Ecosyste.ms: Awesome

An open API service indexing awesome lists of open source software.

Awesome Lists | Featured Topics | Projects

https://github.com/nypl-spacetime/map-vectorizer

An open-source map vectorizer
https://github.com/nypl-spacetime/map-vectorizer

Last synced: 5 days ago
JSON representation

An open-source map vectorizer

Awesome Lists containing this project

README

        

Map polygon and feature extractor
==============
#### An NYPL Labs project

**Author:** Mauricio Giraldo Arteaga [@mgiraldo] / NYPL Labs [@nypl_labs]

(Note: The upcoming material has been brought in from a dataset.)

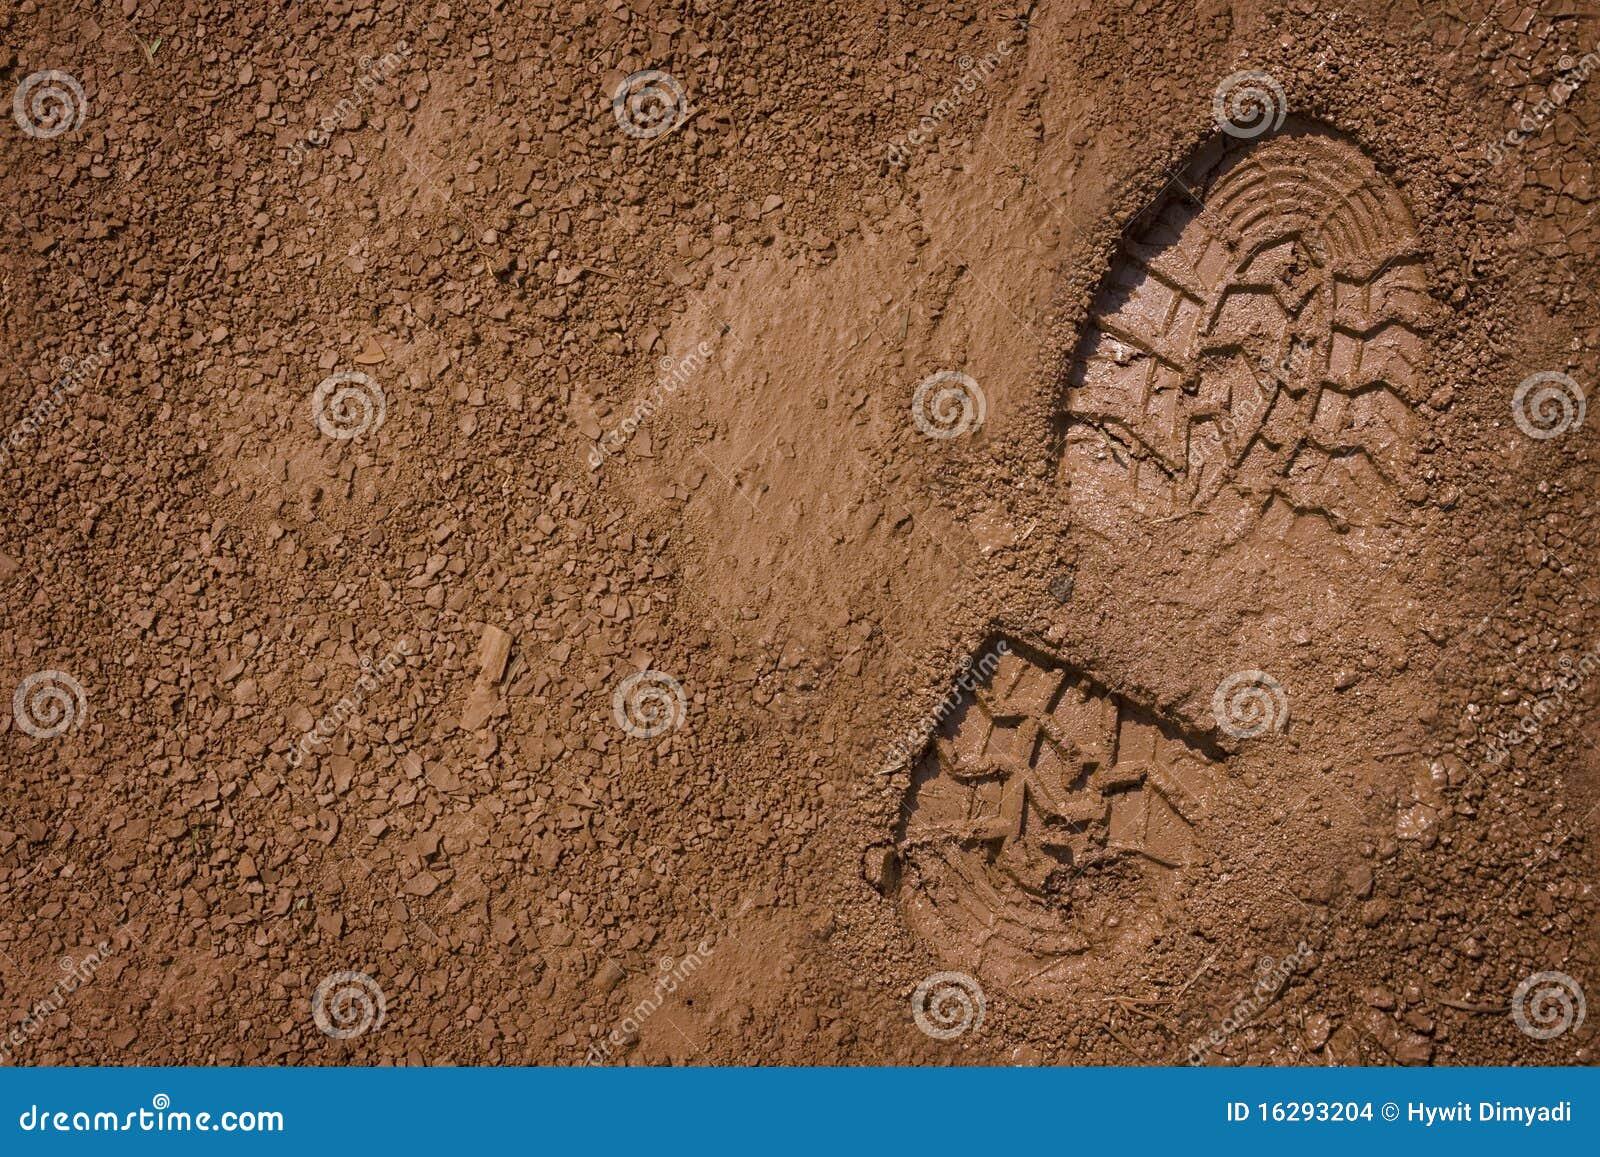 Bootprint on mud

Additional contributor: Thomas Levine [@thomaslevine]

A open-source map vectorizer. Provided **as is** by [NYPL Labs](http://www.nypl.org/collections/labs). Project based on a workflow suggested by Michael Resig.

The output of this process can be verified by volunteers with the [Building Inspector](https://github.com/nypl/building-inspector).

[A paper](map-poly-paper.pdf) on this process was [published in the MapInteract '13 Proceedings of the 1st ACM SIGSPATIAL International Workshop on MapInteraction](http://dl.acm.org/citation.cfm?id=2534932&CFID=966849878&CFTOKEN=93984154) where it won the Best Paper Award.

## Like OCR for maps

This project aims to automate the manual process of geographic polygon and attribute data extraction from maps (i.e. georectified images) including those from [insurance atlases](http://digitalcollections.nypl.org/search/index?filters%5Btitle_uuid_s%5D%5B%5D=Maps%20of%20the%20city%20of%20New%20York%7C%7C323e4180-c603-012f-0c9f-58d385a7bc34&keywords=&layout=false#/?scroll=24) published in the 19th and early 20th centuries. [Here is some background](http://www.nypl.org/blog/2012/06/13/nyc-historical-gis-project) on why we're doing this and [here is one of the maps](http://digitalcollections.nypl.org/items/510d47e0-c7cc-a3d9-e040-e00a18064a99) we're extracting polygons from. This [example map layer](http://maps.nypl.org/warper/layers/859) shows what these atlases look like once geo-rectified, i.e. geographically normalized.

[The New York Public Library](http://www.nypl.org) has **hundreds of atlases** with **tens of thousands** of these sheets and there is no way we can extract data manually in a reasonable amount of time.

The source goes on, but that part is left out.